2)      Siapa saja yang tunduk/taat dan berbuat mengikuti kebiasaan yang bertentangan dengan hukum Allah SWT juga dapat disebut sebagai penyembah hawa nafsu. Karena jelas, kita tidak diperbolehkan secara syar’iy  untuk mencintai siapapun jua di atas cinta kasih kepada Allah SWT dan Rasul-Nya. Hal sedemikian ditegaskan pula oleh Allah SWT dalam surat al-Taubah ayat 24 :

           قُلْ إِنْ كَانَ ءَابَاؤُكُمْ وَأَبْنَاؤُكُمْ وَإِخْوَانُكُمْ وَأَزْوَاجُكُمْ وَعَشِيرَتُكُمْ وَأَمْوَالٌ اقْتَرَفْتُمُوهَا وَتِجَارَةٌ تَخْشَوْنَ كَسَادَهَا وَمَسَاكِنُ تَرْضَوْنَهَا أَحَبَّ إِلَيْكُمْ مِنَ اللَّهِ وَرَسُولِهِ وَجِهَادٍ فِي سَبِيلِهِ فَتَرَبَّصُوا حَتَّى يَأْتِيَ اللَّهُ بِأَمْرِهِ وَاللَّهُ لَا يَهْدِي الْقَوْمَ الْفَاسِقِينَ [8]

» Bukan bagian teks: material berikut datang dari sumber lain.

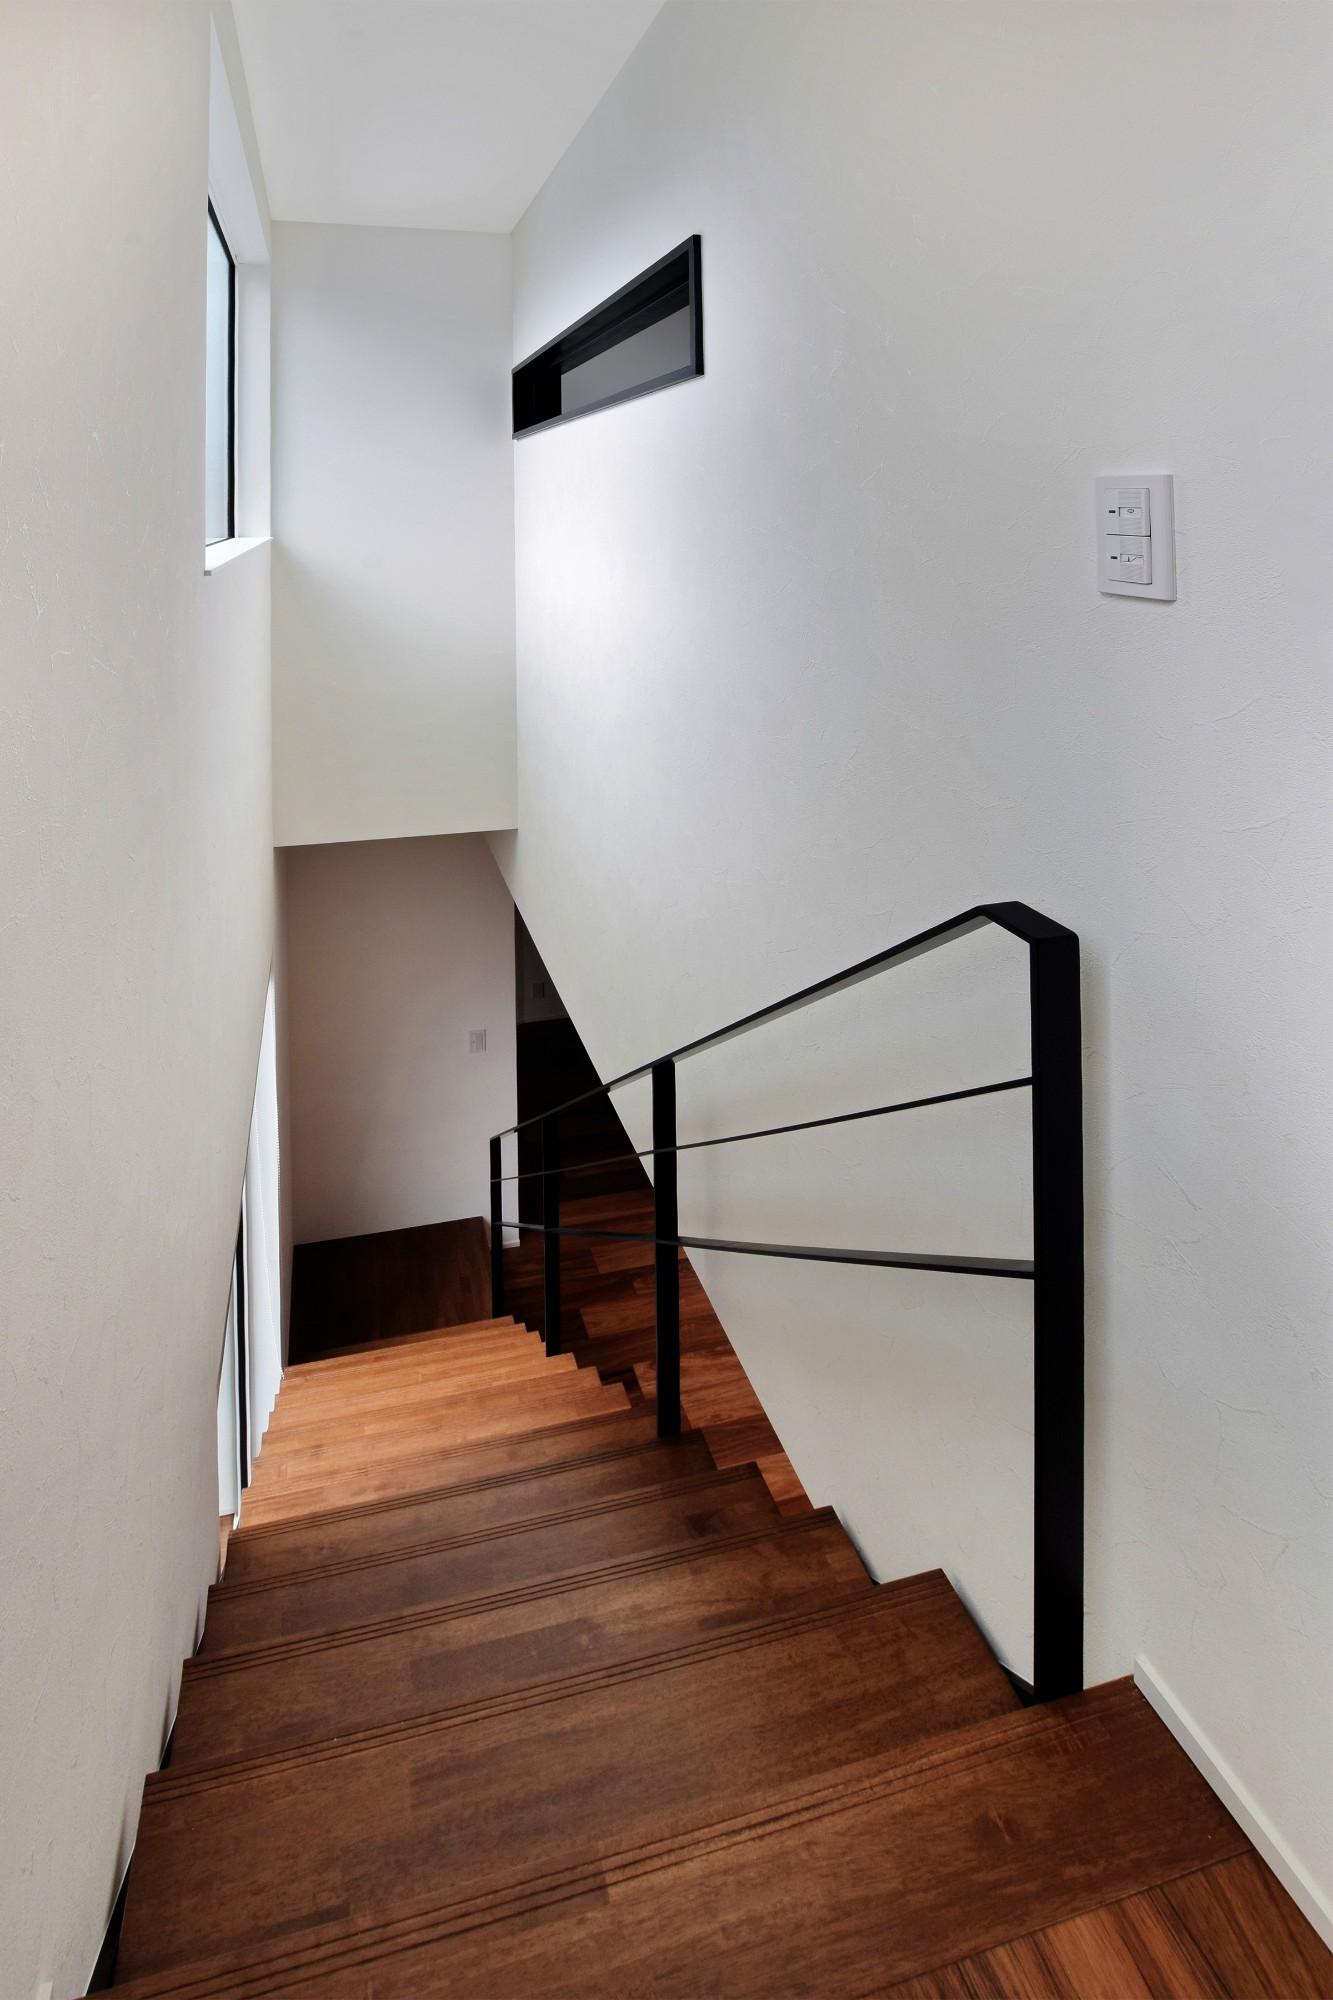 DETAIL HOME(ディテールホーム)「モールテックスキッチンとインテリアにこだわった住まい」のシンプル・ナチュラルな階段の実例写真

Juga dalam surat al-Baqarah : 165

           وَمِنَ النَّاسِ مَنْ يَتَّخِذُ مِنْ دُونِ اللَّهِ أَنْدَادًا يُحِبُّونَهُمْ كَحُبِّ اللَّهِ وَالَّذِينَ ءَامَنُوا أَشَدُّ حُبًّا لِلَّهِ وَلَوْ يَرَى الَّذِينَ ظَلَمُوا إِذْ يَرَوْنَ الْعَذَابَ أَنَّ الْقُوَّةَ لِلَّهِ جَمِيعًا وَأَنَّ اللَّهَ شَدِيدُ الْعَذَابِ [9]

3)      Berhala hawa nafsu merupakan pokok berhala yang menyesatkan. Pengaruhnya sedemikian kuat dan merajalela. Hawa nafsu mematikan kemampuan dan potensi manusia untuk membedakan antara al-Haqq dan al-Bathil. Bahkan manusia bertabiat sebagai hewan karena terjajah oleh hawa nafsu tersebut. Dalam pemenuhan cinta terhadap hawa nafsunya, manusia seringkali lupa akan akibat dan malapetaka yang ditimbulkannya, lupa akan akibat-akibat buruknya. Manusia berbuat semaunya, mengabaikan tatanan etis dan moral. Inilah yang kemudian melahirkan kekacauan, kerusakan dan kerugian kepada dirinya sendiri, masyarakat dan negaranya.[10]

Dalam berinteraksi dengan hawa nafsu, yang seringkali menjadi abstrak di hadapan kita sehingga kita kehilangan stamina untuk menatanya, KH Ahmad Dahlan secara tegas mengidentifikasikannya sebagai  “musyrik” !. Sebagian di antara kita mungkin akan berkomentar, “ekstrem” (?).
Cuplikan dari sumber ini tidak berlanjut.